What is being asked:
Please transcribe the listing below in full and word for word, without its pictures.

Dataset content:
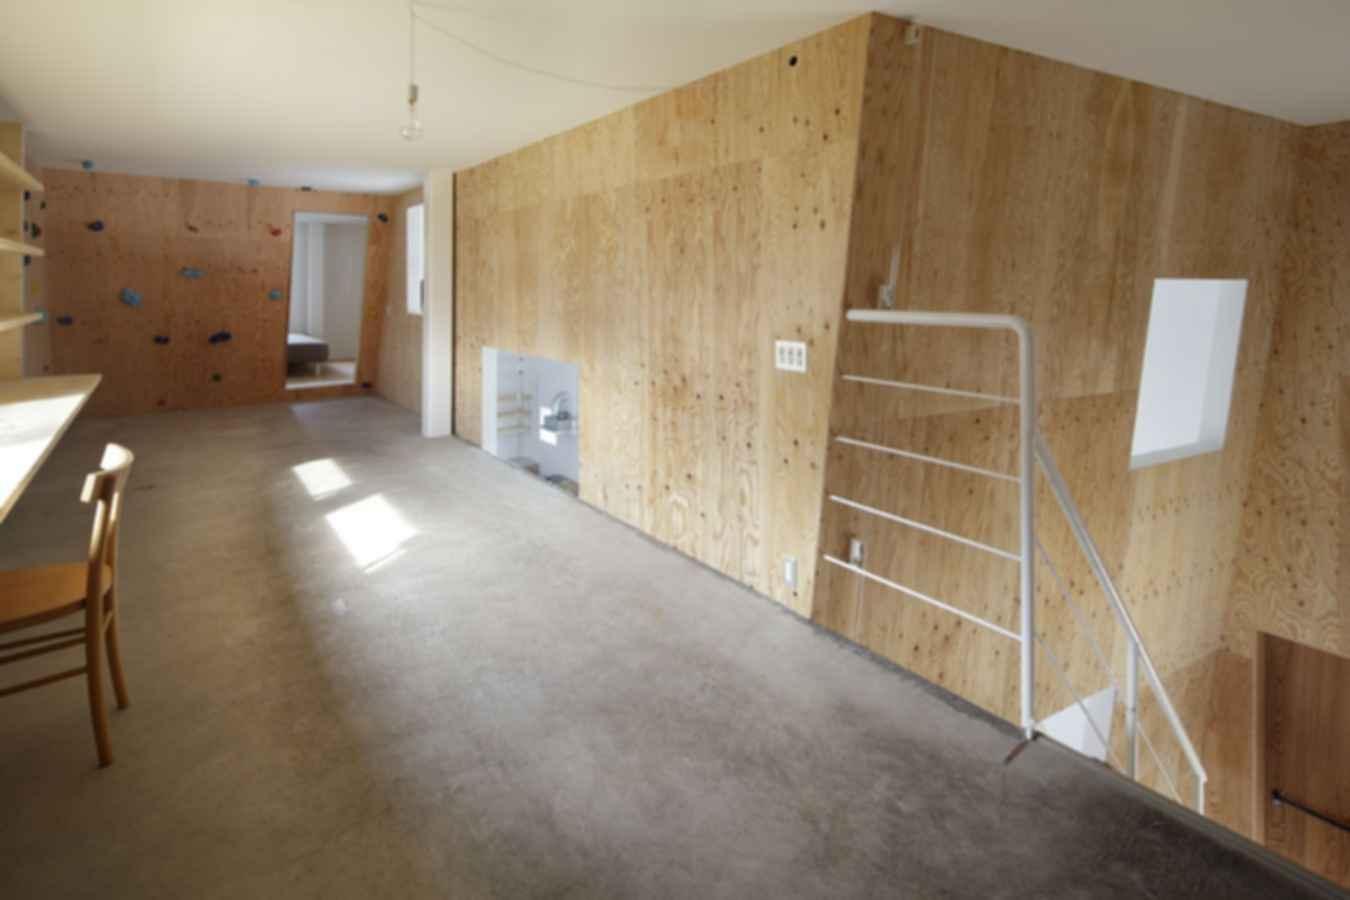 A Home for Climbers - Interior/Climbing Wall
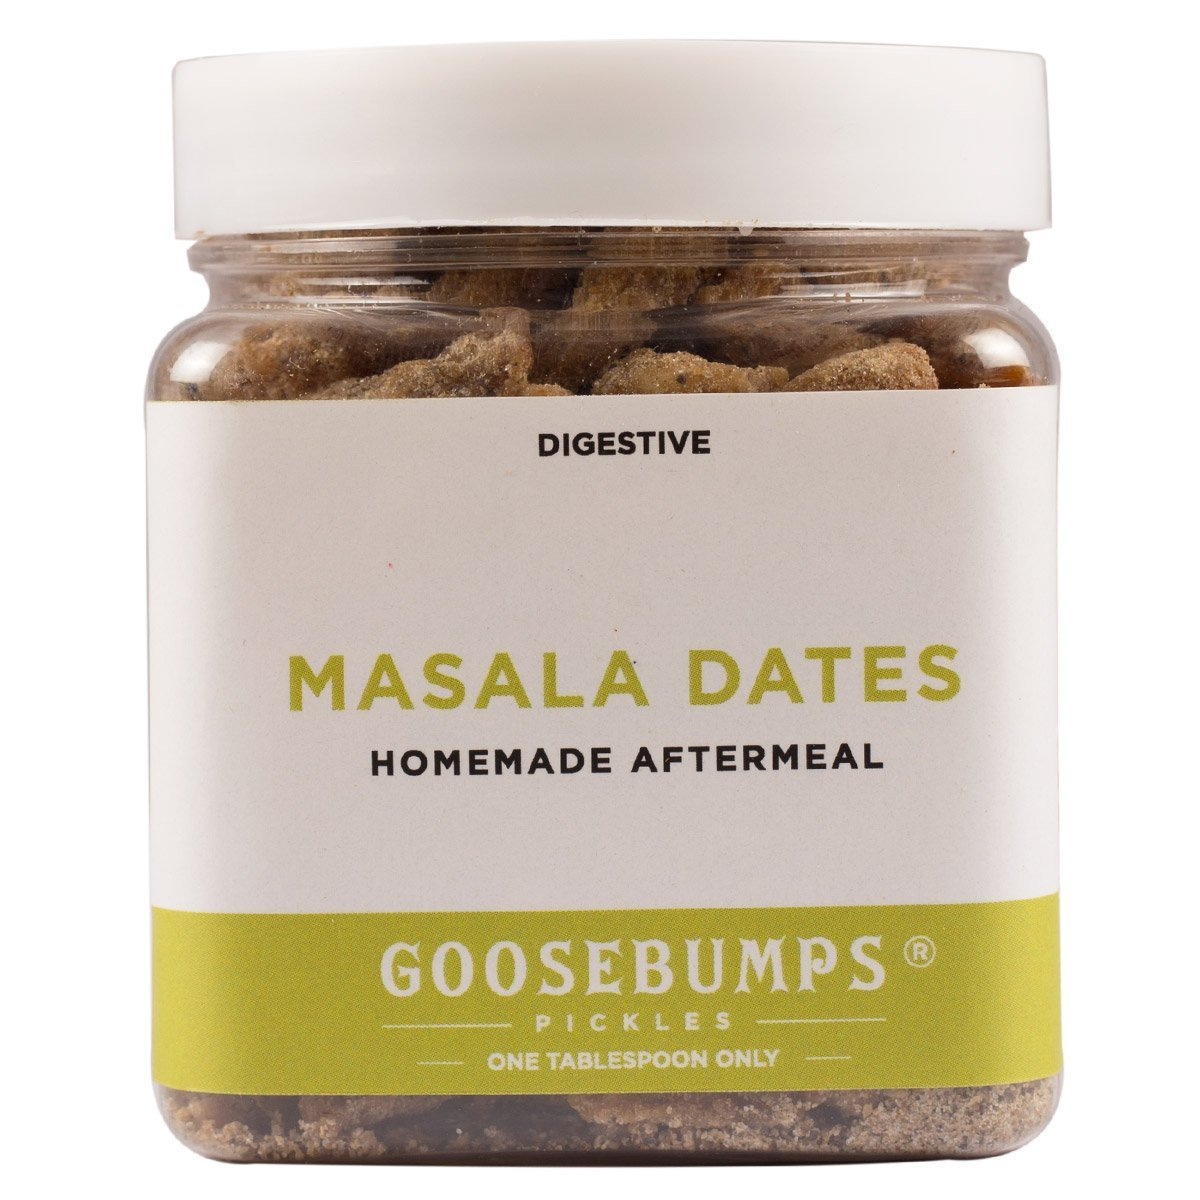 Goosebumps Pickles Homemade Masala Dates Aftermeal
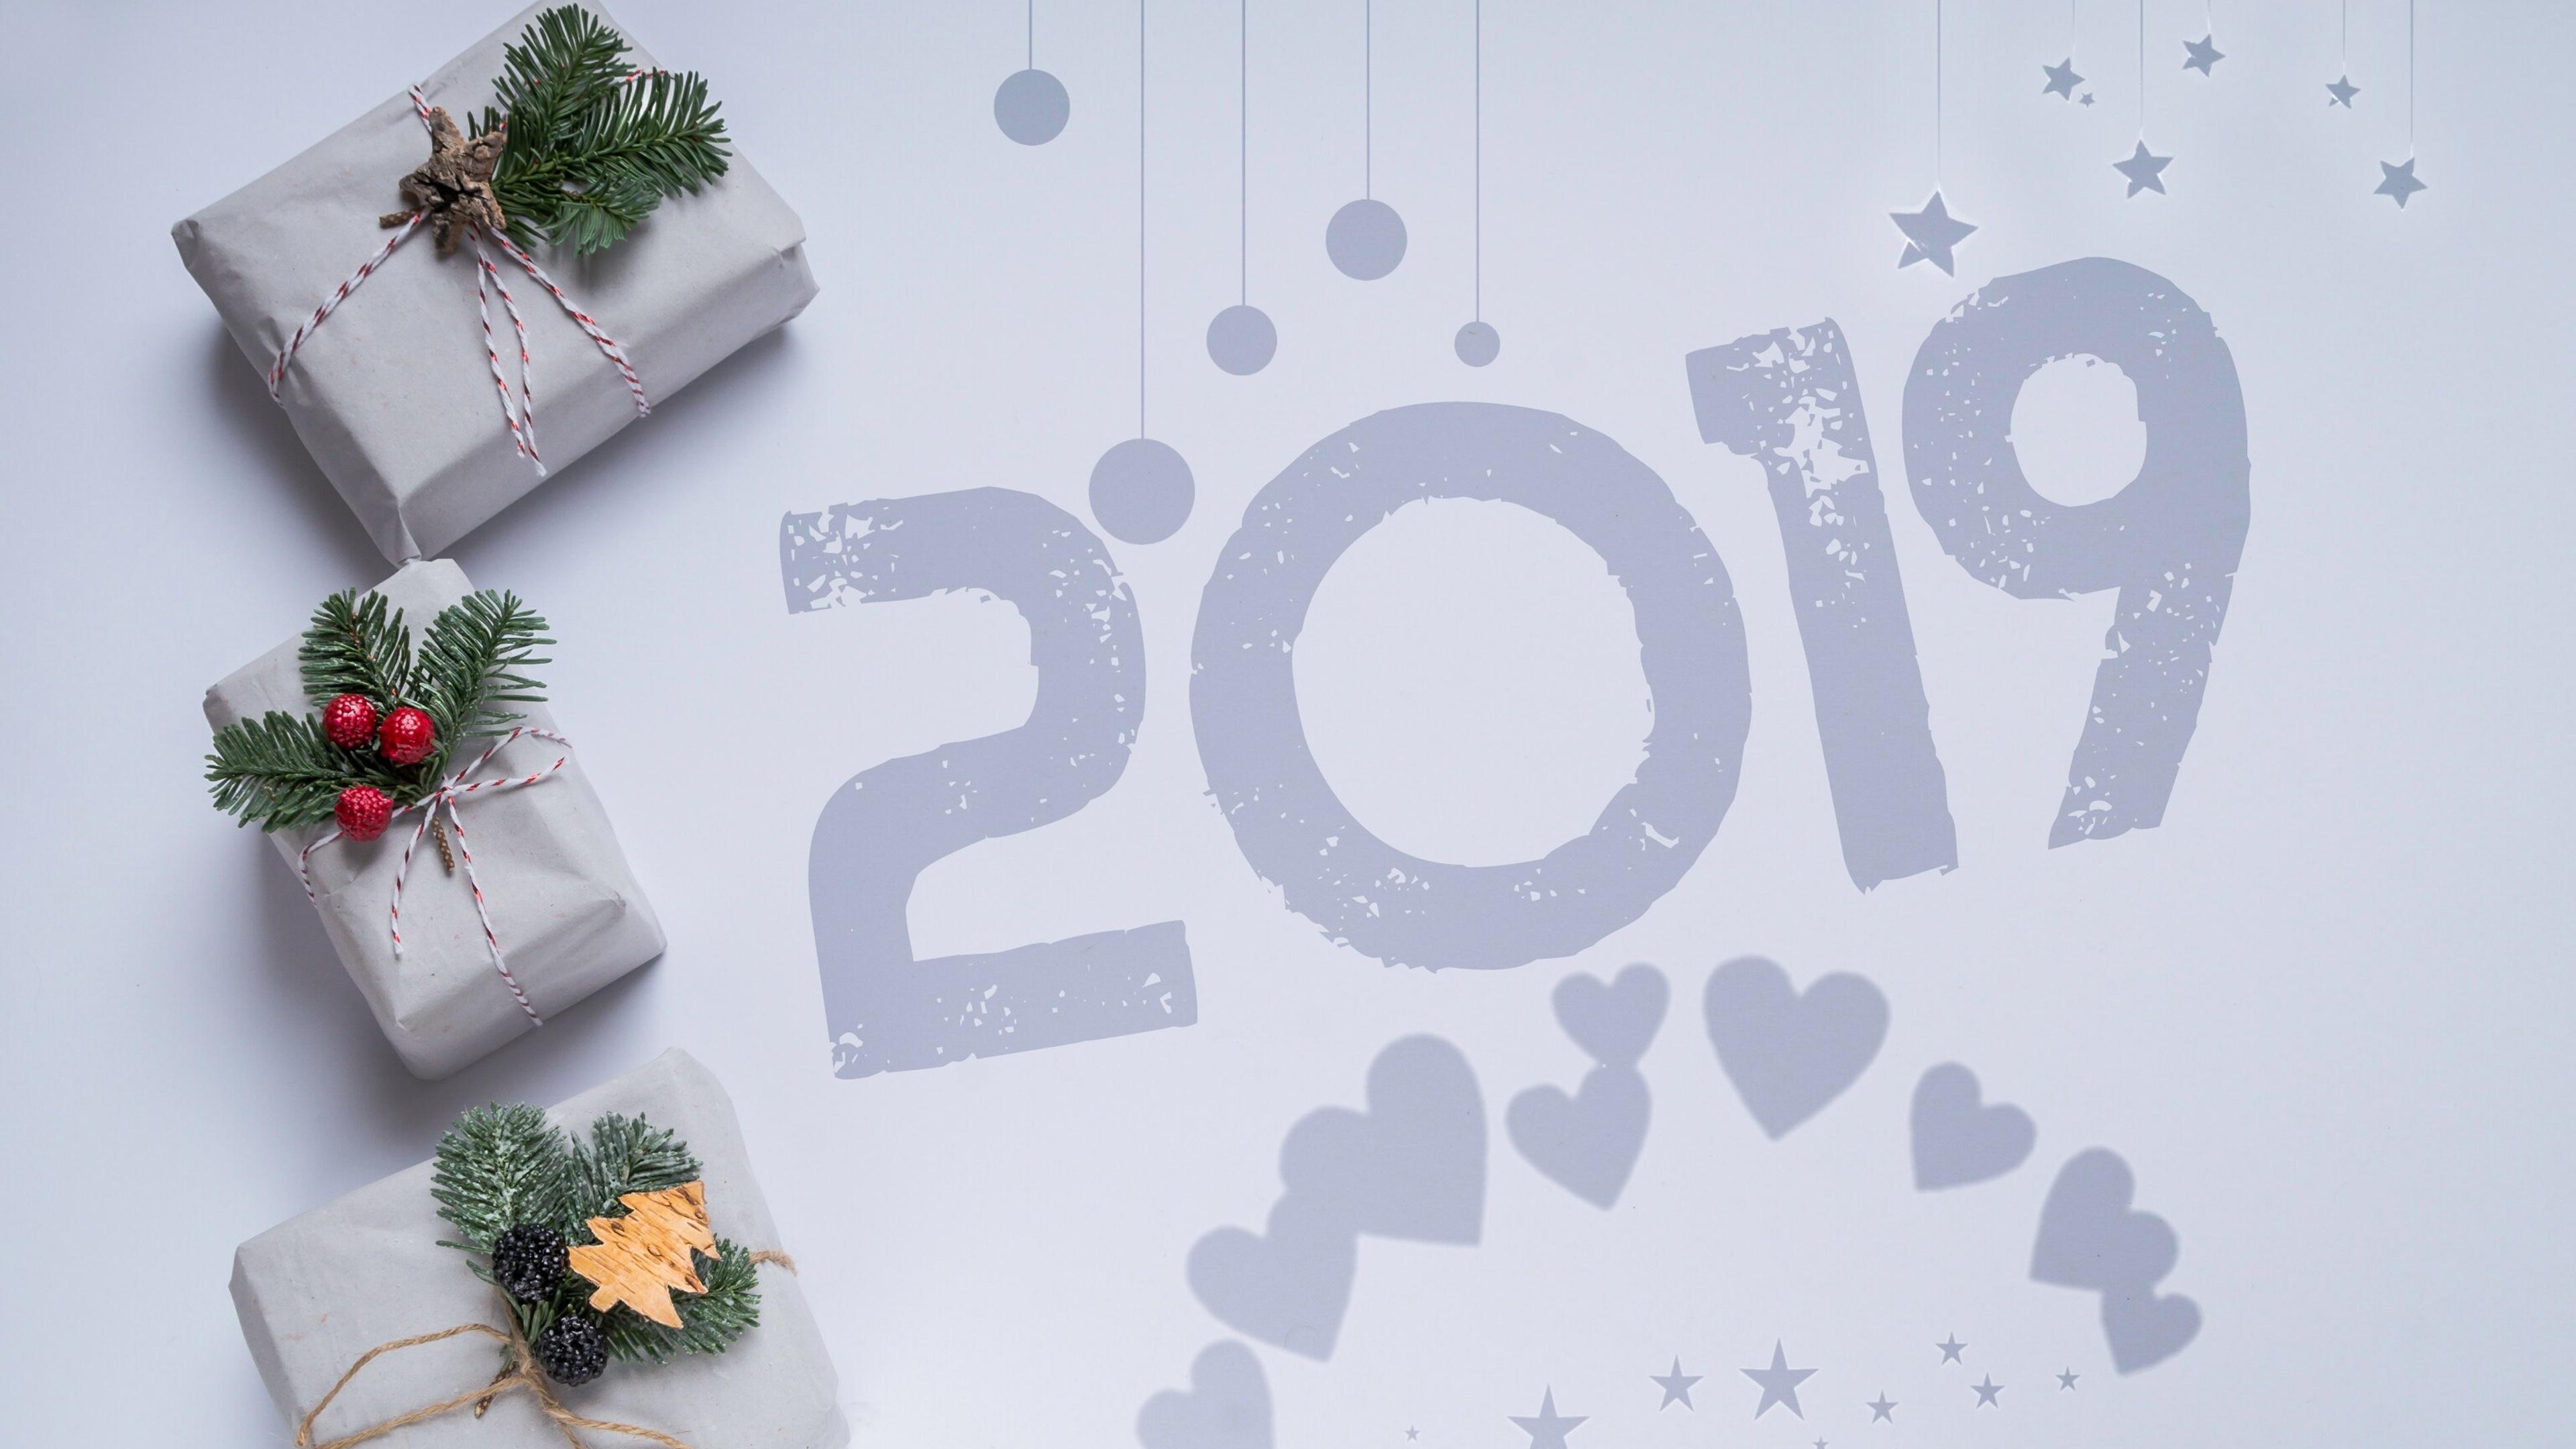 4K Christmas Presents New Year 2019 Kado Winter Wallpaper 38451 3840x2160

Task output:
 A Home for Climbers - Interior/Climbing Wall
 Goosebumps Pickles Homemade Masala Dates Aftermeal
 4K Christmas Presents New Year 2019 Kado Winter Wallpaper 38451 3840x2160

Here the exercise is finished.